SAN SALVADOR – For 10 years, Ana has been preparing the most famous typical dish in El Salvador: pupusas. In all that time, she says she has not seen an increase in food prices as she sees it now. But that perception has an explanation.
The basic food basket in the urban area of El Salvador was around 128.43 dollars in 2001. Now it exceeds 227.39 dollars. That means that Salvadorans now pay almost double the money for the same food products they bought 20 years ago.
“I did the numbers and if I didn’t increase 0.10 cents on the dollar for each pupusa, I’d better close the deal. The economic situation is unsustainable without one taking the necessary measures,” the merchant explained to the voice of america, to argue the reasons why the price of the product it sells rose.
The food base of much of Salvadoran cuisine is based on corn. In addition to that, grains such as beans and rice. Of these products there has not been a single one whose price has not risen. And the producers of the Salvadoran Chamber Association of Small and Medium Agricultural Producers (Campo) predicted in May of this year less harvest of corn and beans due to the high costs of planting.
Vegetables and fruits are also more expensive
“You make your budget. But, imagine being told $28 a box of tomatoes at La Tiendona market (where you get your supplies). How much is one going to give it as a saleswoman? There are days that I have had to give up to four tomatoes for one dollar,” explained Marta, who sells vegetables and fruits in San Salvador.
In January, the trader says that she could sell between 30 and 40 tomatoes for 1 dollar. Now, they can only give between five and six cooking tomatoes at that price.
The half sack of onion that at the beginning of the year cost up to 13 dollars, now has a price of 23 dollars to 25 dollars, he told the voice of america. “What the sack was worth before, that’s what the half sack is worth today. And what people consume the most is what has increased the most,” added Marta.
The rise in the price of products such as wheat flour, corn, tomatoes, chili peppers, onions and potatoes, whose trade is mainly strengthened by imports from Guatemala and Honduras, is another fact marked by the rise in the price of fuel. .

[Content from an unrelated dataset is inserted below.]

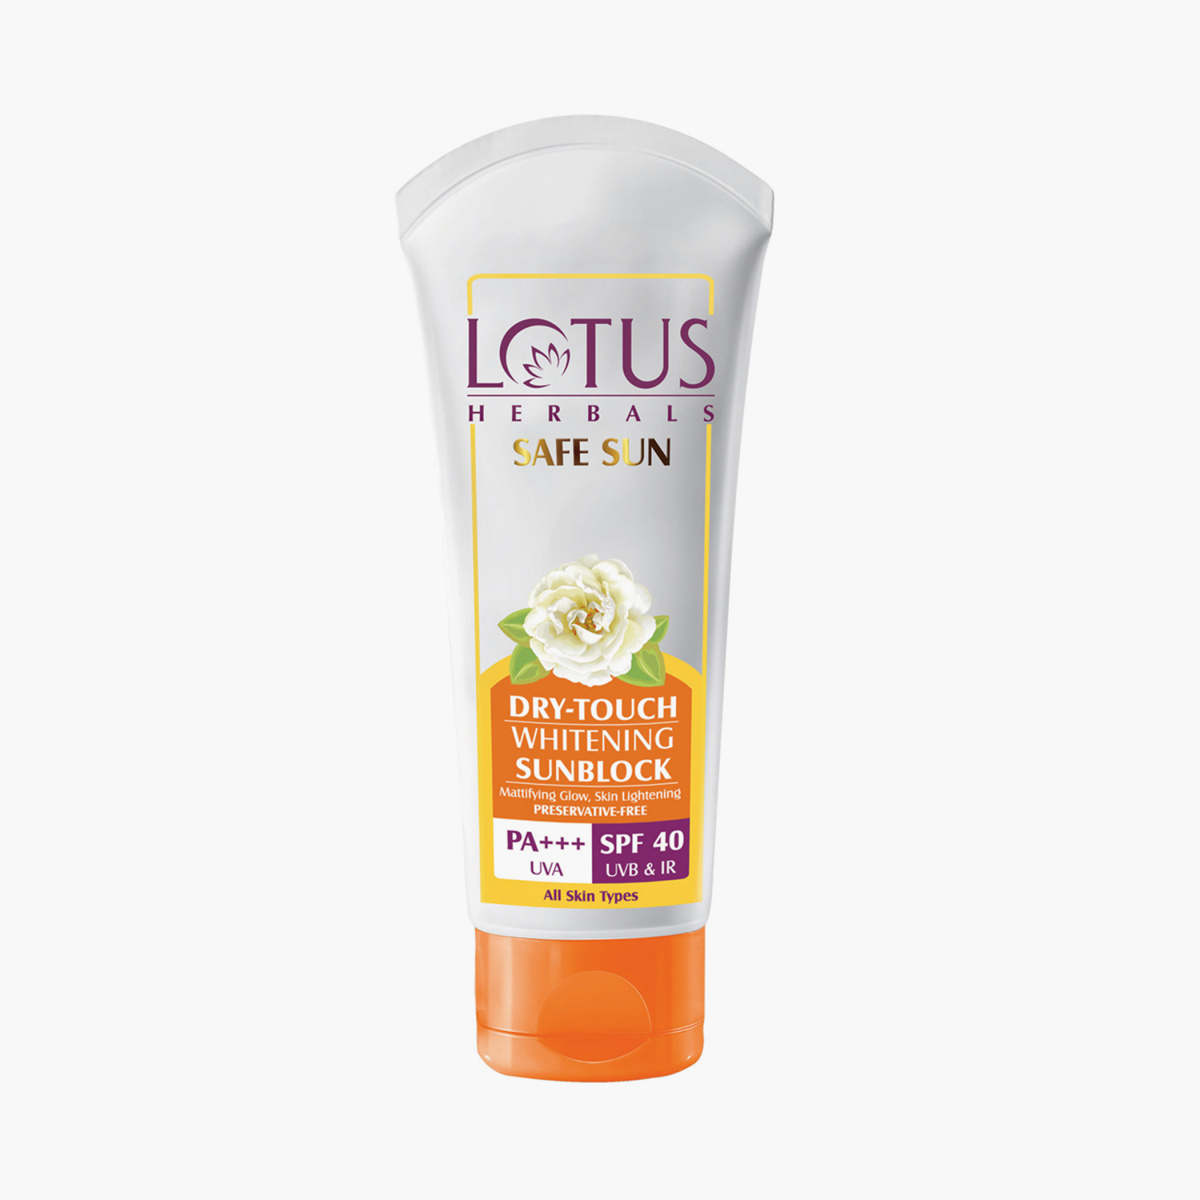 LOTUS Herbals Safe Sun Dry-Touch Whitening Sunblock SPF 40

Despite the fact that in these countries, governments have subsidized the use of fuel, prices remain high.
For example, in El Salvador, Congress approved a transitory law to establish the maximum sale price of fuels, which is currently around 4.04 dollars per gallon of regular gasoline in the central zone.
While in Guatemala, the government subsidizes seven quetzals for each gallon of diesel and five quetzals for each gallon of regular and superior gasoline, which in dollars is equivalent to a subsidy of 0.90 cents and 0.64 per gallon.
But not only Ana and Martha see economic difficulties. Messrs. Rubén Rolín and Gloria de Rolín are not merchants or food distributors. But as buyers they lamented some of the measures that companies have taken to deal with the crisis.
“They increase the price and lower the quantity of the product,” he told the VOA, Glory. “If I buy fruit I don’t buy vegetables. I don’t buy chicken. I don’t buy meats,” she stated. For the Rolín family, there is no longer a difference between shopping in a supermarket and sales in open-air markets or nearby stores.
“If I used to earn 300 dollars and today I earn 360 dollars, I don’t see those 60 dollars because I spend them on the same thing,” he added.
Some government measures
In the middle of last year, the minimum wage in El Salvador increased by 20%. For the commerce, services and industry, mills and agribusiness sector, the monthly minimum wage is 365 dollars; for maquila, textile and clothing of 359 dollars and for coffee mills, of 272 dollars
Likewise, on March 10, President Nayib Bukele announced a package of 11 measures that would seek to alleviate the economic burden on the pockets of Salvadorans.
One of these measures was to free twenty basic consumer products from import tariffs, including: oil, rice, milk, sugar, potatoes, among others.
Some of the measures have been criticized by some economists who explained to the voice of america that for there to be a real impact on the pocketbook and not excessive public spending, the aid should have been targeted.
“Why are you going to give subsidies to people who don’t need them? The government should have directed its efforts to reduce the economic blow caused by price increases in low-income households. A measure focused on the most vulnerable population should have been the answer,” explained economist Stefany Hernández.
Likewise, the Salvadoran specialist in international relations Napoleón Campos detailed to VOA that there is no government measure directed “to austerity in public spending”.
However, the government assures that the measures will alleviate the weight of the crisis and will generate “favorable conditions so that Salvadoran families are not affected or the effects produced by global crises generated by inflation are reduced.”
Meanwhile, Salvadorans see changes in food prices and the volume of products delivered.